他則試著幫許亦洲穩住許良奕的情緒狀態,許良奕對外界的一切渾然不覺,自然也不會有反應。
很快,泰羅急匆匆地趕來,專業診斷現場,許亦洲和程修詢再次被請到隔壁等候。
許亦洲靠著兩間病房之間的那面牆,難以描述自己的心情,程修詢看透他的想法,陪他一塊靠著。

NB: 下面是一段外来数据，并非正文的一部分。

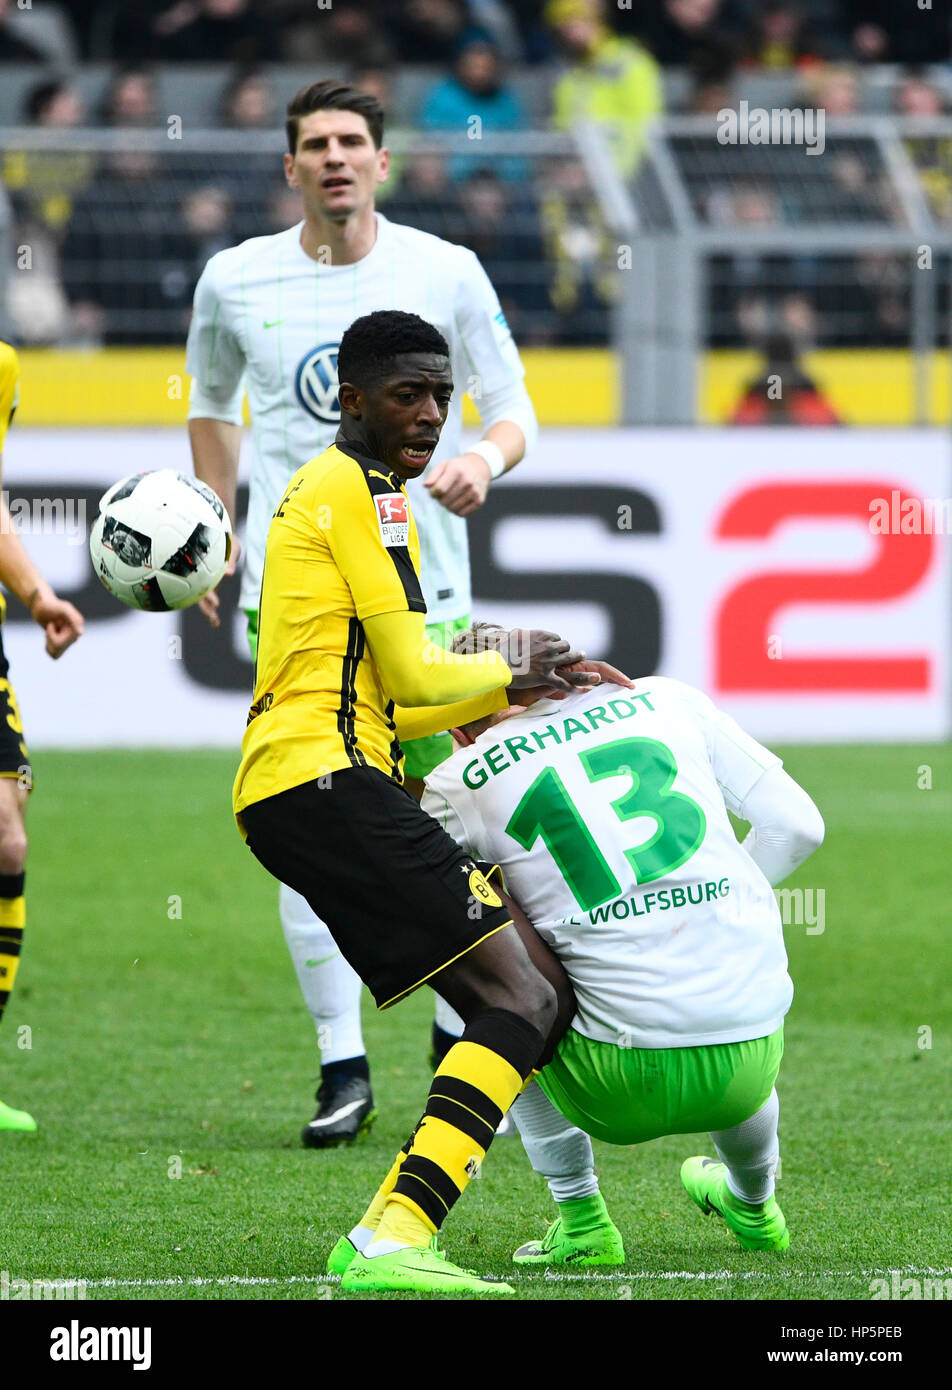 Signal-Iduna Park, Dortmund, Germany. 18th February, 2017. German football Bundesliga Season 2016/17, matchday 21, - Stock Image
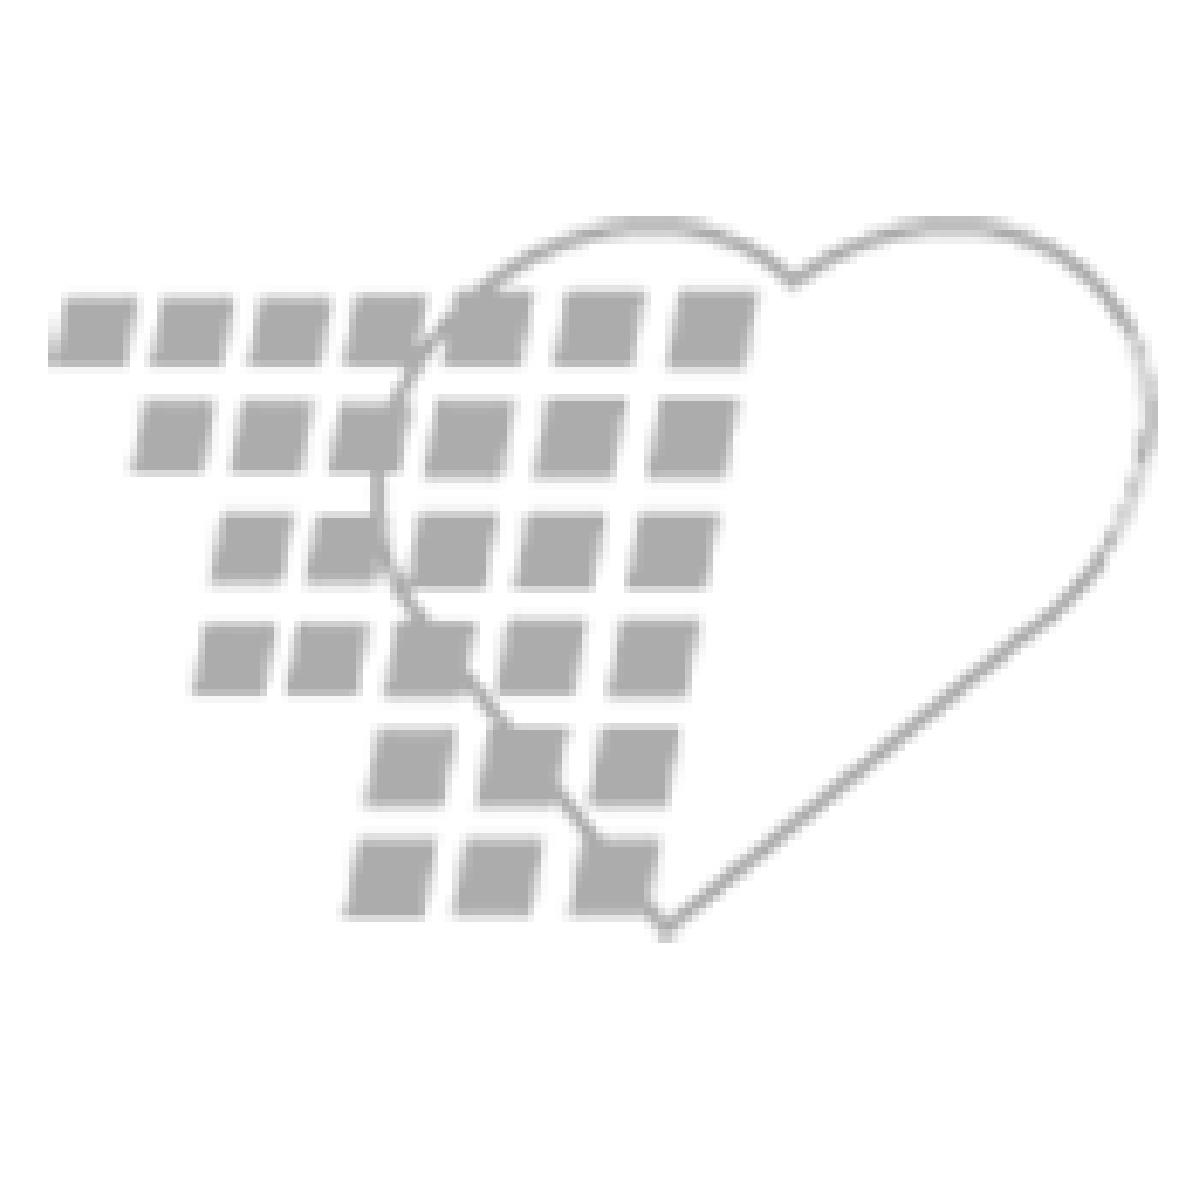 02-92-1211 - Baseline® Economy Plastic Skinfold Caliper 8.5 x 0.5 x 3.5 Inch

他寬慰道:「許叔叔大災大難都熬過來了,不會有事的。」
許亦洲卻好似沒聽見他的話,喃喃:「我明明看見他的手指動了,他跟我說想喝水。」
「你做得很好,一直都很好。」程修詢哄他。
等了半個小時,許亦洲始終不安地縮在門和牆的夾角里,直到隔壁的動靜停下,泰羅先生推門而入。
他面色平靜,素來講究禮儀的他這次連門都沒敲,只是略微停頓了會——也可能是站在門前就隔著可視窗對上許亦洲雙眼的緣故。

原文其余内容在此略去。